Post without Account — your post will be reviewed, and if appropriate, posted under Anonymous. You can also use this link to report any problems registering or logging in.

[RT 133131] readval() failure

  • 18 Replies
  • 196 Views
*

Offline Phil

  • Global Moderator
  • Hero Member
  • *****
  • 749
    • View Profile
[RT 133131] readval() failure
« August 08, 2020, 12:46:30 PM »
Sat Aug 08 11:48:56 2020 Christopher.Papademetrious@synopsys.com - Ticket created [Reply] [Forward]
Subject:    how do I file an issue for PDF::API2?
Date:    Sat, 8 Aug 2020 15:42:53 +0000
To:    "bug-PDF-API2@rt.cpan.org" <bug-PDF-API2@rt.cpan.org>
From:    Chris Papademetrious <Christopher.Papademetrious@synopsys.com>

Hi Steve,

I hope this email finds you at all! We're using PDF::API2 at our company, and I ran into a PDF that it doesn't like:

Reading 'chrispy/fcdm.pdf'...
Can't parse `' near 2316292767724077056 length 0. at /u/doc/perl5/lib/perl5/PDF/API2/Basic/PDF/File.pm line 694.

The parser hits a zero-length string and doesn't know what to do with it.
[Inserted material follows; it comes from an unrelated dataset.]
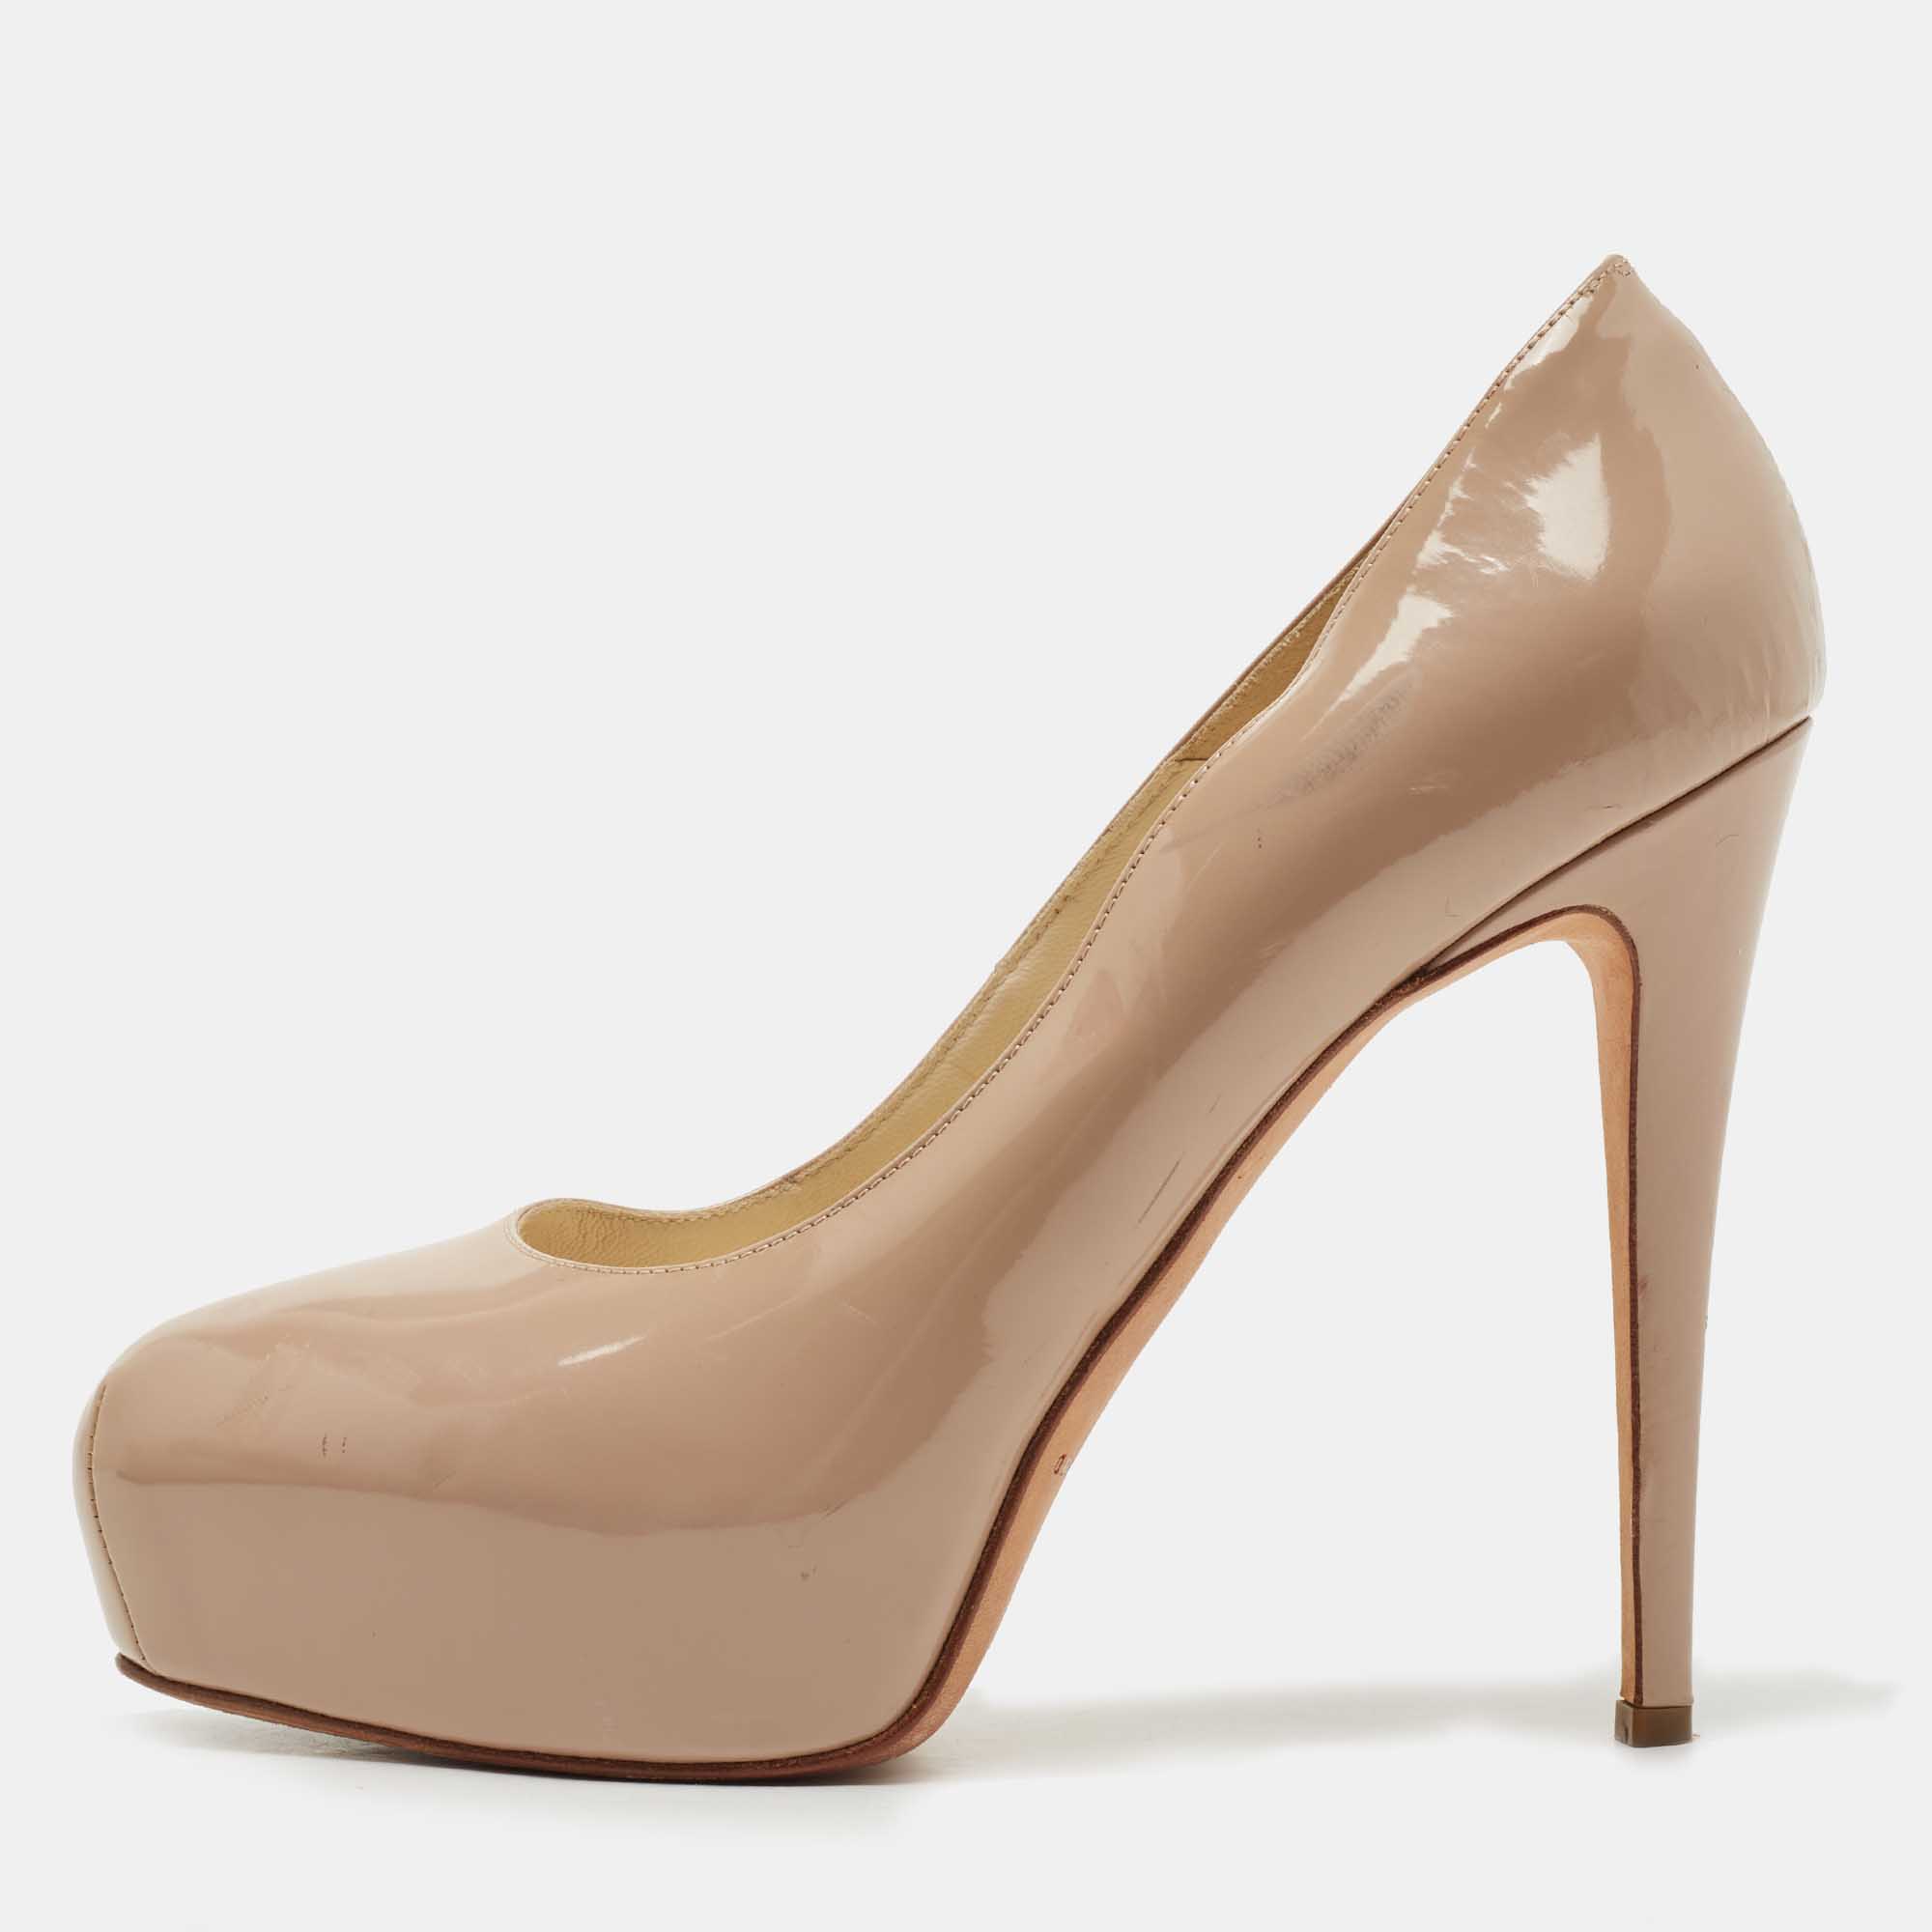 Brian Atwood Beige Patent Leather Platform Pumps Size 39.5
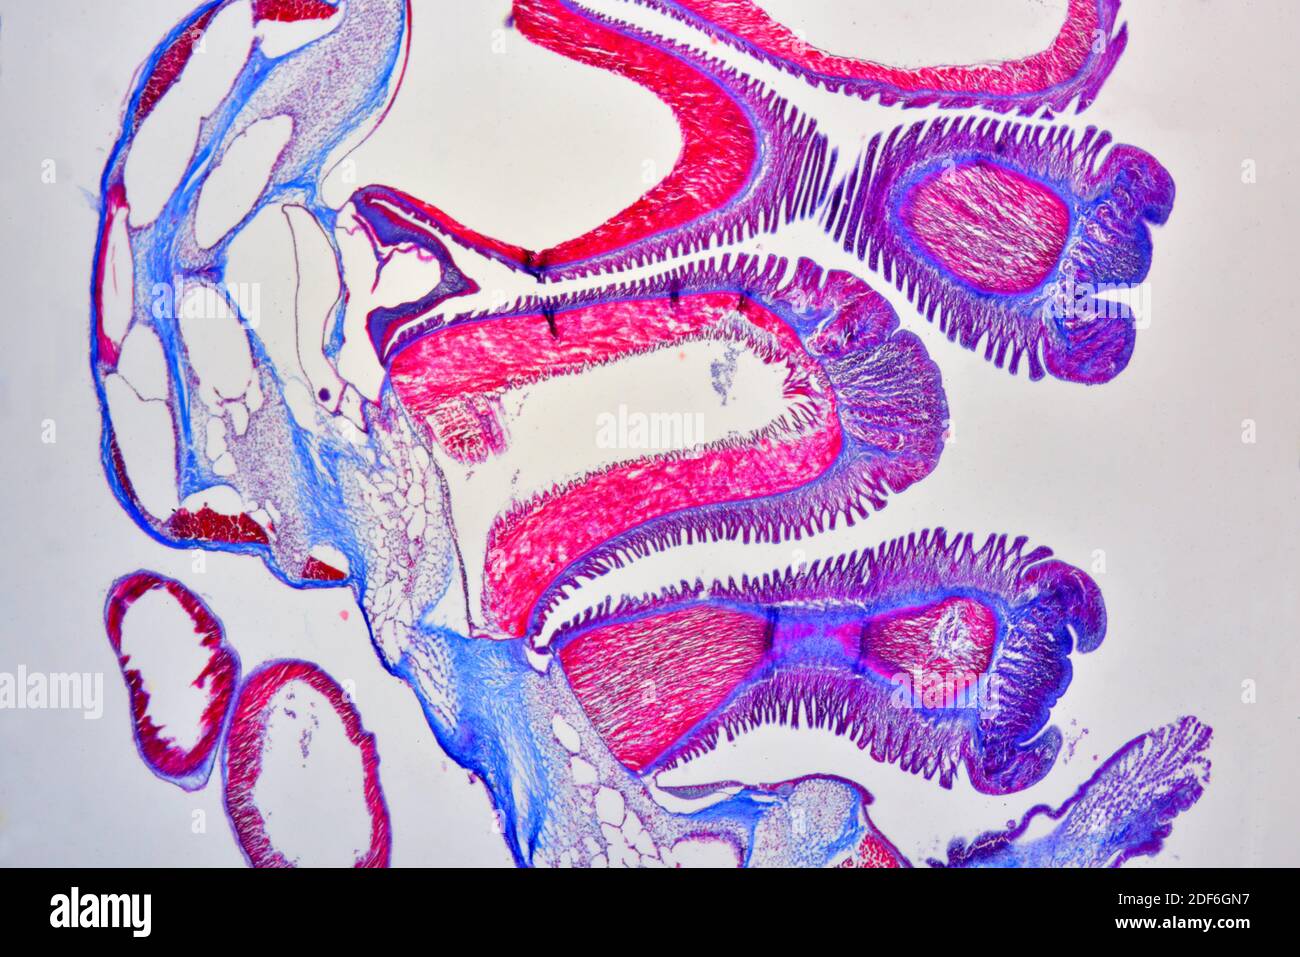 Asterias sp. cross section showing dermis, mucus glands, suckers and tube feets. Optical microscope X40. Stock Photo

I was going to file an issue in the Github repo, but there's no "Issues" tab like I see for other repos.

How do you suggest that I proceed?

And thank you for taking on ownership of this repo! It's a tremendously powerful library, and there's not an alternative that does everything that it does.

-----
Chris Papademetrious
Tech Writer, Implementation Group
(610) 628-9718 home office
(570) 460-6078 cell

Sat Aug 08 11:51:54 2020 chrispitude@gmail.com - Correspondence added

Ugh, I didn't realize this was going to create a ticket. I guess you're using rt.cpan.org for issue tracking but Github for revision control?

*

Offline Phil

  • Global Moderator
  • Hero Member
  • *****
  • 749
    • View Profile
Re: [RT 133131] readval() failure
« Reply #1: August 08, 2020, 12:49:39 PM »
Sat Aug 08 12:43:44 2020 PMPERRY@cpan.org - Correspondence added

An empty string $str was fed to the readval() method, so it doesn't know what to do (how to handle it). Can you tell us what you were trying to do (read in an existing PDF?) and maybe show a small test case Perl code? Feeding an empty (or nonsense format) string (PDF file content) into this routine will produce this error, but we need to figure out what happened "upstream" that triggered it.

A file offset of 232 quadrillion? That's bigger than any PDF file I've ever heard of, and possibly bigger than any filesystem can handle. Something seems to have gone very wrong there, but without knowing what you were doing, it's hard to diagnose.
Quote
there's not an alternative that does everything that it does

If you think that your PDF you're reading in is OK (loads OK in all the readers you try, AND NO READER ASKS PERMISSION TO SAVE THE FILE WHEN YOU EXIT IT), you might give PDF::Builder a try and see if that works any better. Maybe something upstream is different enough to get past whatever is causing the problem. It includes instructions on porting from PDF::API2, but usually just changing "PDF::API2" to "PDF::Builder" in your Perl code will do the job.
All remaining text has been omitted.